Small and medium size enterprises benefit from ISDS procedural efficiency; it is usually faster and less costly compared to proceedings in domestic court.The importance of ISDS for SMEs is also confirmed by an OECD survey according to which 22% of ISDS claimants are either individuals or very small corporations with limited foreign operations. Extremely large multinationals only account for 8% of the claimants in the survey.

2014: A Strong Year for New Investment Protection Regimes

sustainabledevA lot of new development took place last year in the investment protection regime. This is demonstrated for example by a yearly report from the United Nations Conference on Trade and Development (UNCTAD), which summarizes statistics and development surrounding the regime and ISDS.

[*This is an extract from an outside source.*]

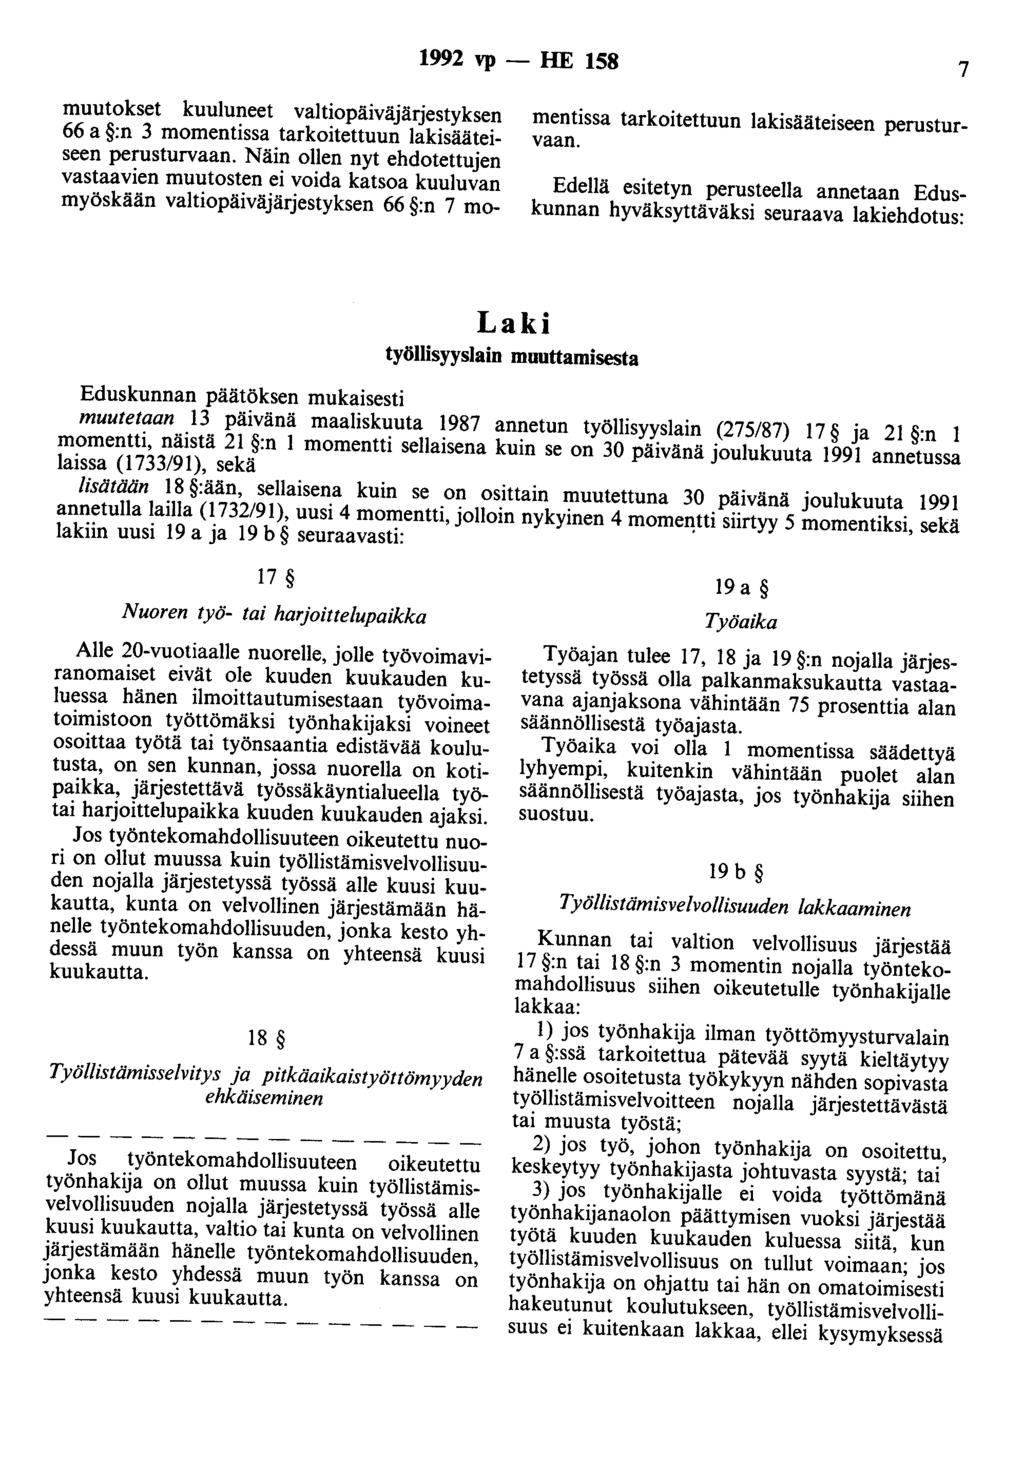 1992 vp -- lie 158 7 muutokset kuuluneet valtiopäiväjärjestyksen 66 a :n 3 momentissa tarkoitettuun lakisääteiseen perusturvaan.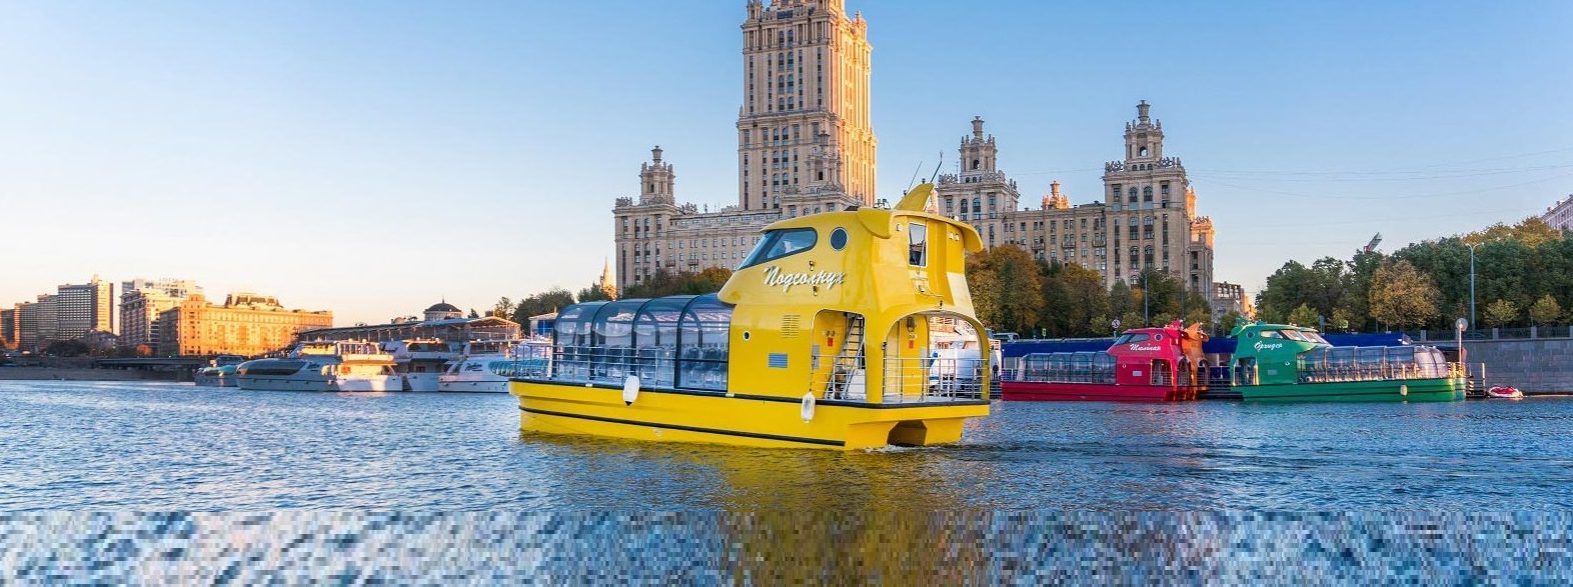 Речные трамваи с цветочными названиями начали курсировать по Москве-реке. Фото: официальный сайт мэра Москвы

States, to a large extent, continue to display interest and trust in the investment protection regime. This year’s finding shows that States have concluded 27 international investment agreements (IIAs), which means one every other week.

Sustainable development is at the heart of the newly-adopted IIAs. Most treaties concluded in 2014 include sustainable-development oriented features, for examples by preserving regulatory space for public policies of host countries and discouraging parties to relax environmental standards in order to attract foreign investments.

States maintain control in investment treaty-making and the design of ISDS provisions. In parallel to the adoption of new IIAs, 45 countries are revising their model Bilateral Investment Treaties. New model agreements have been concluded, notably by Brazil and India. This trend may also open up opportunities to include carefully-drafted investment protection in the IIA in support of sustainable development.

The total number of known ISDS claims decreased in 2014, from 54 cases in 2012 and 59 cases in 2013 to 42 cases last year.